Alright thanks for that. But like the other user above you mentioned, it may be loud and not necessarily a problem. How do I find out if it's actually a problem? I don't want to waste my money on a new drive, however cheap the may be nowadays, if there is not problem and that's just how it works. 

I also retrieved my drive's model and serial number and called LG for a repair/replacement request but they declined it because it was out of warranty. Their warranty service is only for product under a year old. 

Lastly, if I were to buy a new drive, I don't know the slightest thing about what specifications I should be aiming for. The burn speed, brand, model, etc. As mentioned earlier, I'm also afraid that if the problem is not with the drive itself and I buy a new one, I will have wasted money. 

So, I guess what I'm asking; is there a definite way to check what the problem is?


----------



## Kaj Darkwind (Feb 26, 2010)

*Re: DVD drive loud when burning*

Try changing the burn speed from automatic to half the drives max speed. EX: if you have an 8x dvd burner, than burn at 4x. My drive was doing the same thing when burning, and this fixed it.


----------



## JimE (Apr 16, 2009)

*Re: DVD drive loud when burning*

Are the discs burning properly? If so, the drive is working.

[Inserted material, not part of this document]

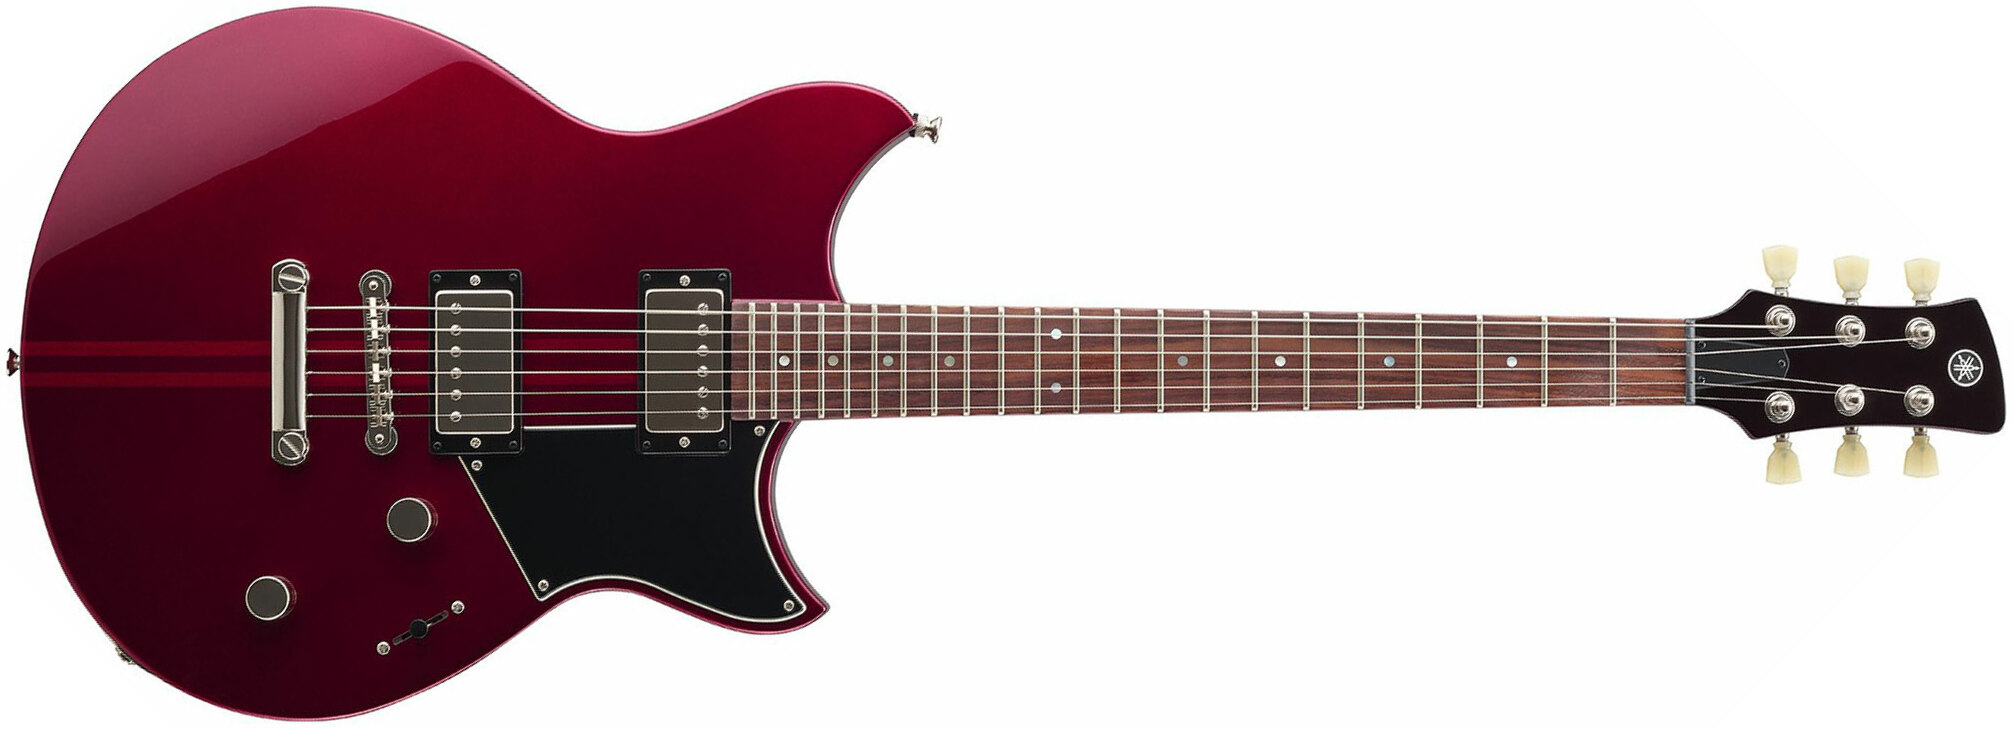 Yamaha Rse20 Revstar Element Hh Ht Rw - Red Copper - Guitarra eléctrica de doble corte. - Main picture

You haven't stated anything about the discs not working or having burning problems. The only stated problem is the drive is "loud". If the discs are burning properly and are usable afterwards, then the drive is working.


----------



## Solidify (May 12, 2011)

*Re: DVD drive loud when burning*



Dogg said:


> Are the discs burning properly? If so, the drive is working.
> 
> You haven't stated anything about the discs not working or having burning problems. The only stated problem is the drive is "loud". If the discs are burning properly and are usable afterwards, then the drive is working.


OK but isn't it unusual that even though the discs have continued to work perfectly after the burn processes, the fan sound has increased over time? Surely that must mean something. I would simply like a quiet computer but before I make the decision to buy a new DVD Drive, I wan't to know how I can find out if that's the problem, or if it can be fixed without buying a new one.


----------



## spunk.funk (May 13, 2010)

*Re: DVD drive loud when burning*



> I'd say the drive is simply wearing. Live with it, or replace it.... Are the discs burning properly? If so, the drive is working.


----------



## Solidify (May 12, 2011)

*Re: DVD drive loud when burning*

Ended up buying a new one. Thanks.


----------